(Task directions) All lines from the one containing "Iconic McDonald's Happy" through the final line of the listing below, and no others, must be returned exactly; no pictures belong in the copy.

+++ Information provided

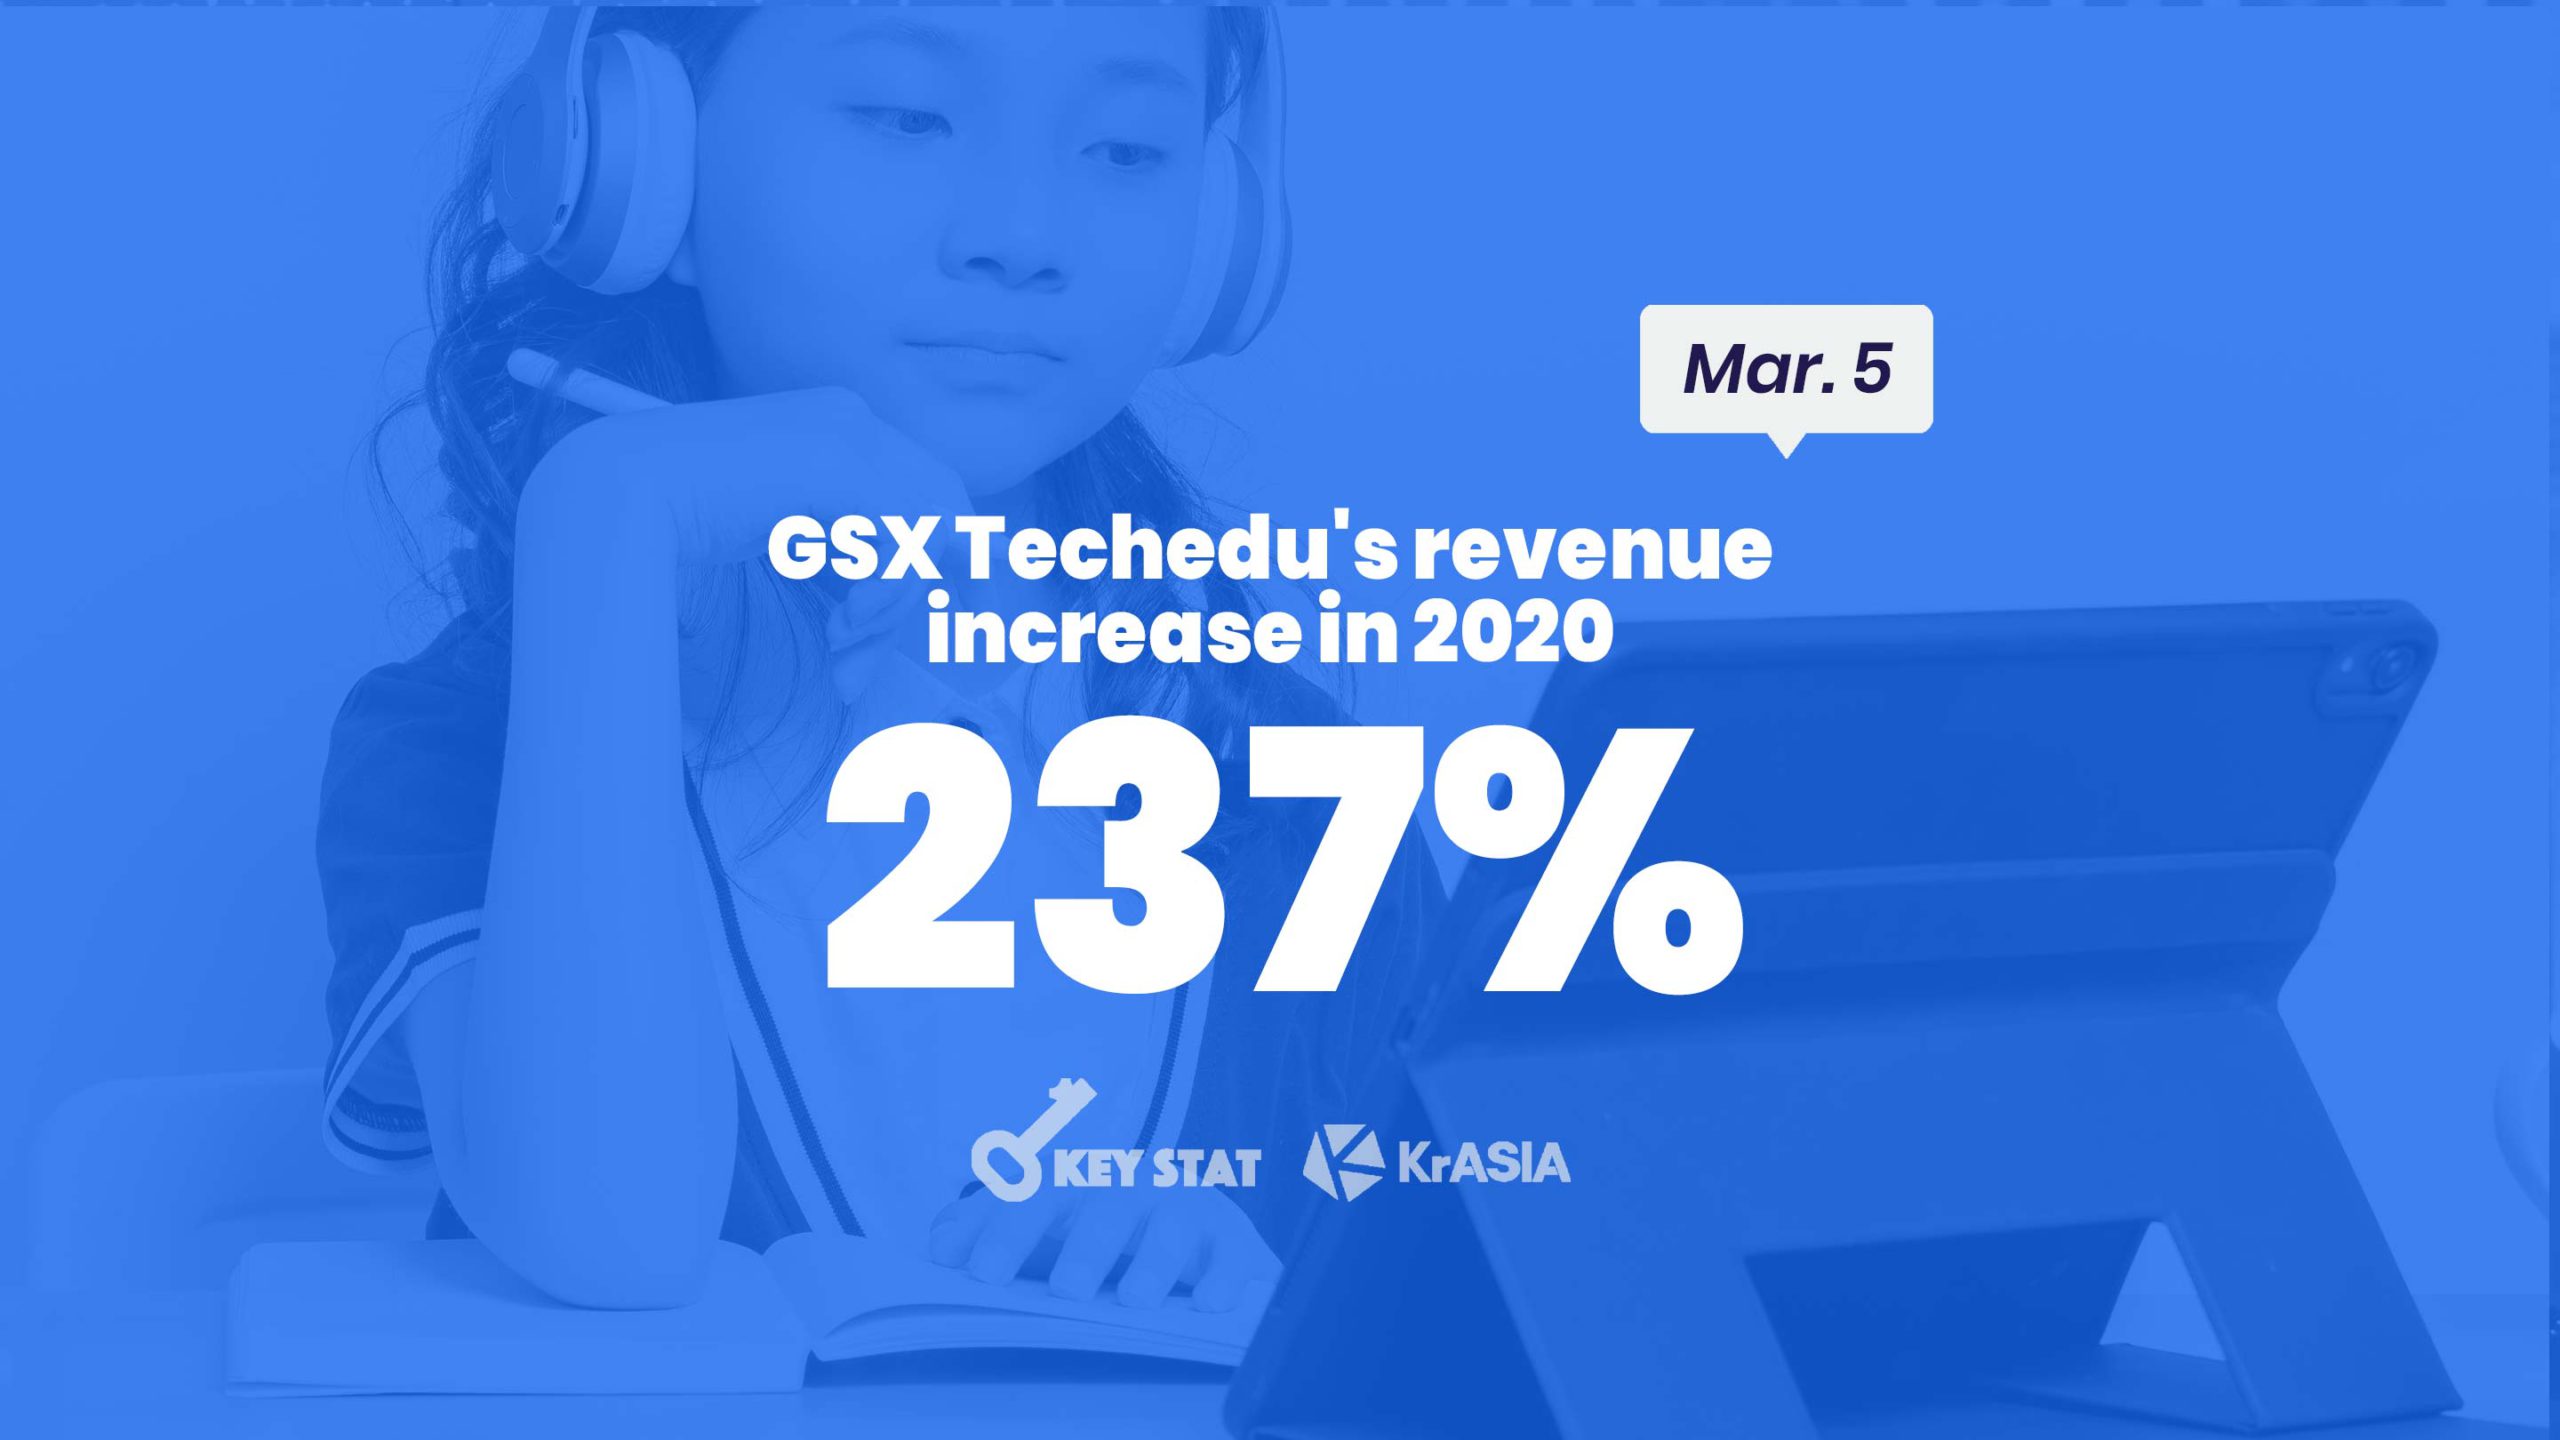 KEY STAT | Edtech firm GSX reports revenue increase as expenses widen
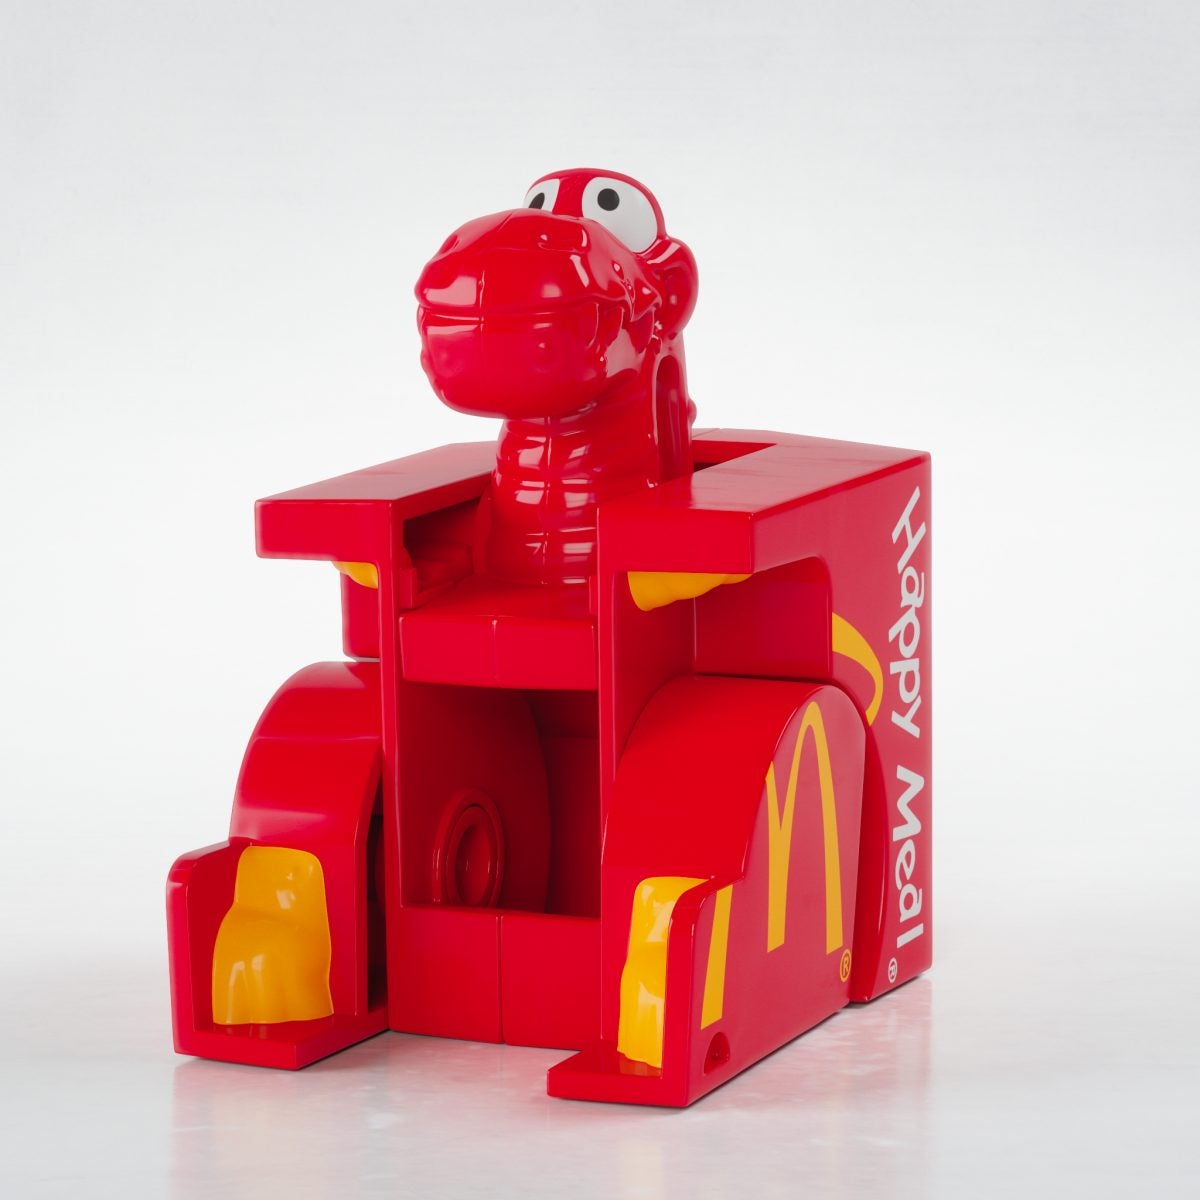 Iconic McDonald's Happy Meal Toys From Our Childhood Available From Nov 28 & We're Feeling Nostalgic - WORLD OF BUZZ 8
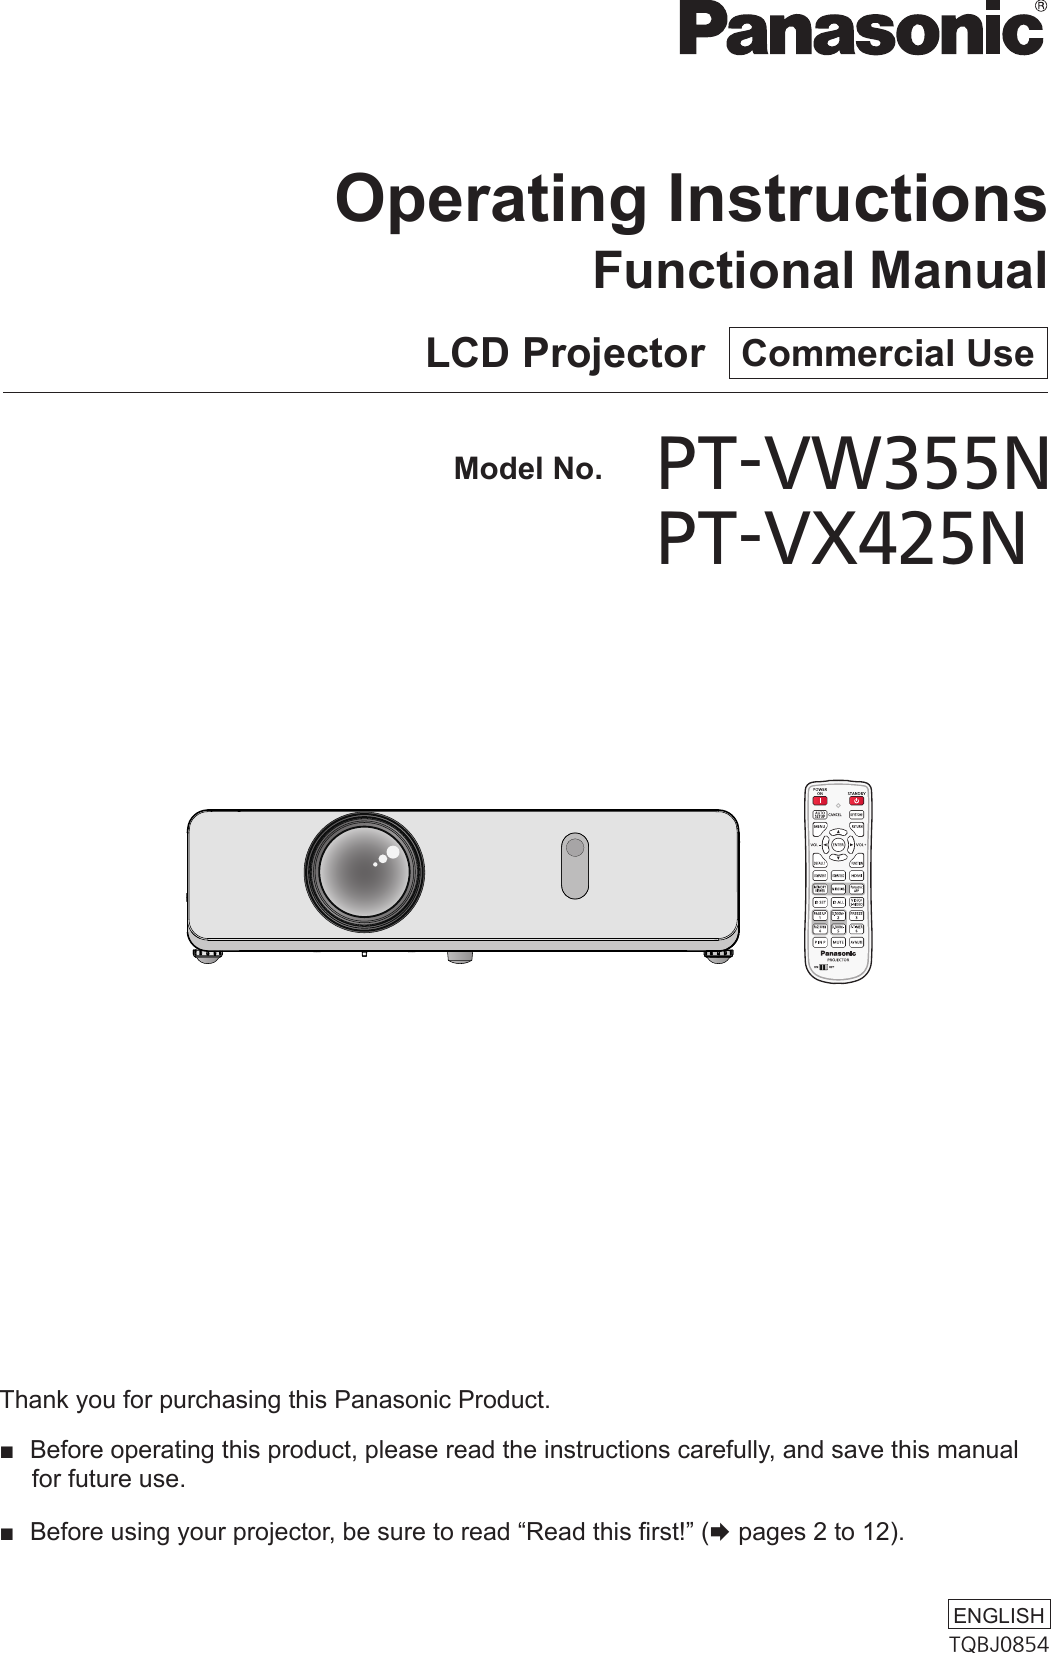 Thank you for purchasing this Panasonic Product. ■ Before operating this product, please read the instructions carefully, and save this manual for future use. ■ Before using your projector, be sure to read “Read this rst!” (x pages 2 to 12).LCD Projector   Commercial UseOperating InstructionsFunctional ManualTQBJ0854ENGLISH  Model No.PT-VW355N    PT-VX425N

++++++

(Answer space)
 Iconic McDonald's Happy Meal Toys From Our Childhood Available From Nov 28 & We're Feeling Nostalgic - WORLD OF BUZZ 8
 Thank you for purchasing this Panasonic Product. ■ Before operating this product, please read the instructions carefully, and save this manual for future use. ■ Before using your projector, be sure to read “Read this rst!” (x pages 2 to 12).LCD Projector   Commercial UseOperating InstructionsFunctional ManualTQBJ0854ENGLISH  Model No.PT-VW355N    PT-VX425N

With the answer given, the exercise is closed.